Village in Kvinnherad Municipality, Norway

Ølve is a village in Kvinnherad Municipality in Vestland county, Norway. The village is located along the Kvinnheradsfjorden in the western part of the municipality. It is the site of Ølve Church. The village of Husa lies about 3 km to the northeast.

Ølve is located near the border with Bjørnafjorden Municipality, and it is across the water from Tysnes Municipality. Ølve is a farming village, but it is also industrial. Today the biggest part of the production is aimed at the food industry, especially salmon processing.

== Mining and geology ==
There have been ten copper mines and two iron mines on the Ølve Peninsula. Mining continued until 1911. The basis for the operation was the rock greenstone. Many of the mines from the more than 300-year-old industry in Norway are associated with greenstone deposits. Ølve goldworks is well known from the years 1855–87, when gold was found at Slagget in Hyttevågen in greenish chlorite shale.

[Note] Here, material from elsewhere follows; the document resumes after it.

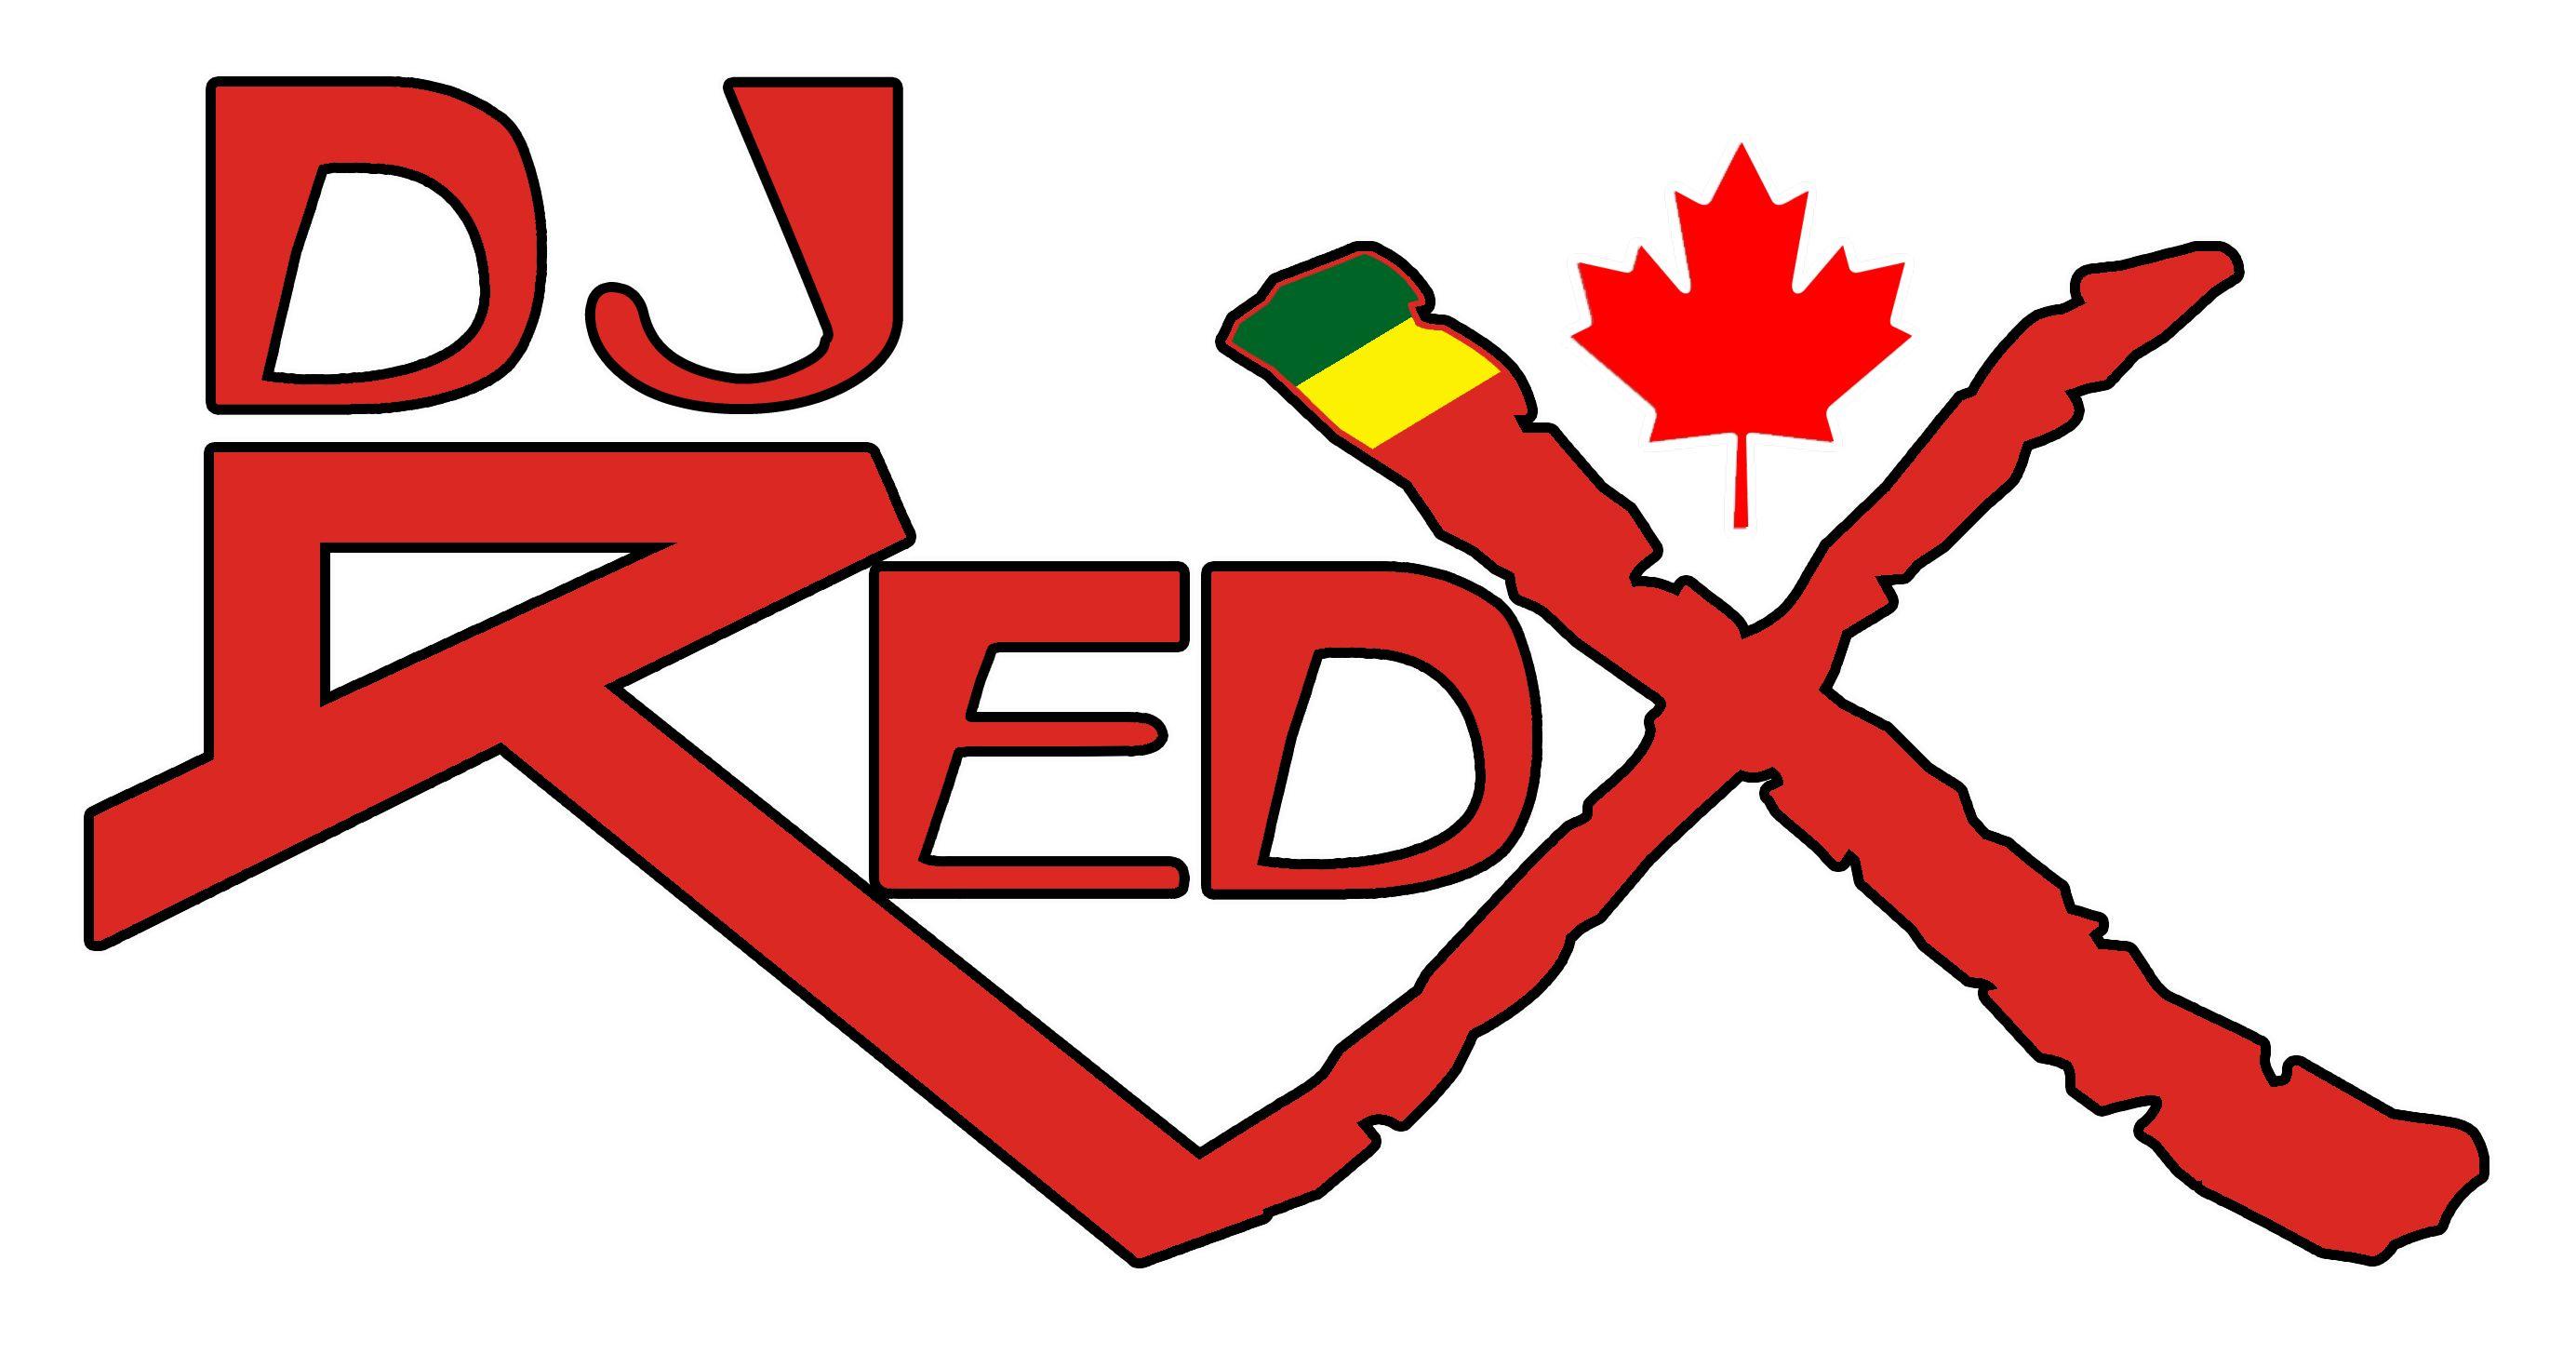 Red X Logo - DJ Red X Musical Mash Up

Stone baking slates for making flatbread have been mined and processed at several locations in Ølve and Hatlestranda since around 1100. It is the oldest industry in the area. The slates were used around Norway in large numbers and there is also evidence of exports outside Norway.

On Hamarhaug stone carvings thousands of years old of several ships and a couple of human figures have been discovered. Unfortunately, the main ship carving was cut out and stolen some years ago.